Biden can be blamed for reappointing him, but if you’re going to do that, you should also blame Trump for appointing him in the first place. You should also realize that from 2007 to 2019, prior to the pandemic, the biggest threat to the economy was deflation and the Fed struggled to keep inflation at a “healthy” rate of 2% (which was thought to promote economic growth). So it’s not like these policies were inappropriate. They were the right remedy for the economic problem that existed at that time. And the pandemic crisis obviously didn’t call for slamming the brakes on the economy. Powell’s fault was in not knowing when to apply the brakes, and not applying them enough.
But you should also realize that Fed stimulus, which by the way is still in place, accounts for only about a third of this inflation. Which means the Fed can’t cure it by itself. Pent-up pandemic demand, pandemic-caused shortages and bottlenecks, growing international conflict that’s disrupting the globalization that provided the world with cheap goods, high oil prices caused by years of low oil prices and now exacerbated by the war in Ukraine, and the housing shortage caused by the 2007 housing crash, commodity shortages. One of the major causes of this inflation is aging demographics: The entire world is getting older, which is shrinking the workforce through retirements and reducing productivity and thus the efficiency of economies.
There is no free lunch in economics. You can’t consume what you don’t produce. Printing more money doesn’t create more goods and services. Money supply needs to keep up with economic growth (which is why a gold standard doesn’t work), but if the Fed overshoots on expanding money supply you’ll get inflation. This didn’t happen in 2007-2009 because people were hoarding cash, so the supply of money in circulation was actually shrinking then, but it’s happening now because people are spending the money on a much smaller supply of goods and services. The Fed, and Powell particularly, has been too slow at adjusting to that.
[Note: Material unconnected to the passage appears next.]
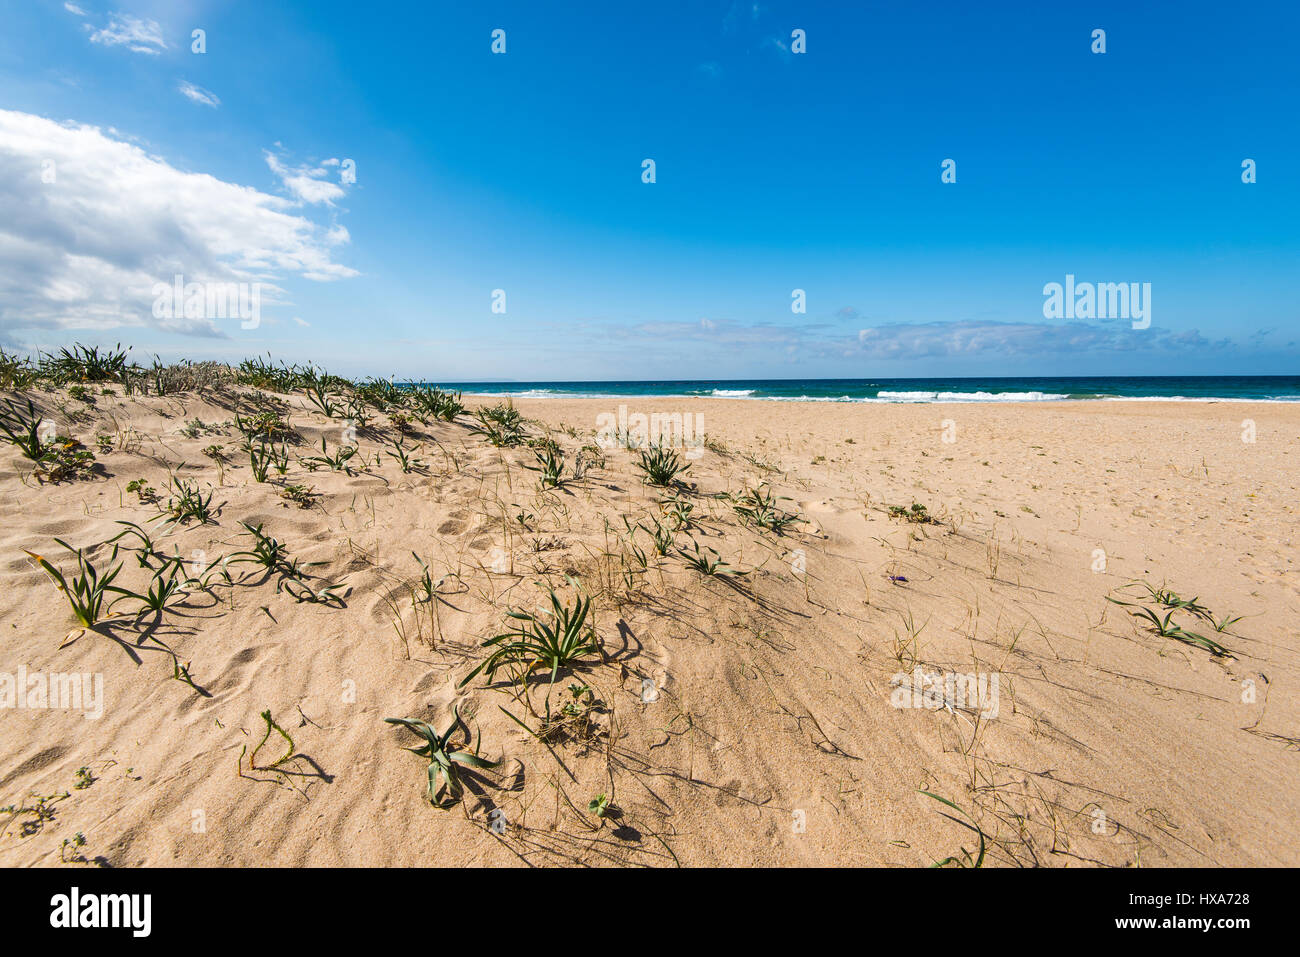 Dunes in Zahara de los Atunes natural reserve, Spain Stock Photo

But my main point here is that economic forces, not political rhetoric, will dictate the course of inflation. Part of it depends on the pandemic running its course. There are international factors we’ll have to live with for a while. The Fed needs to do its part, and that means raising interest rates, reducing its stockpile of Treasury bonds and mortgage securities, and tightening credit. This can’t be done without incurring a recession, so Powell needs to stop pussyfooting around, accept that fact, and get it over with. Like curvy roads, inflation and recessions don’t last forever. But somebody has to steer, and use the accelerator and brakes appropriately. Anyone who’s ever driven a car knows that.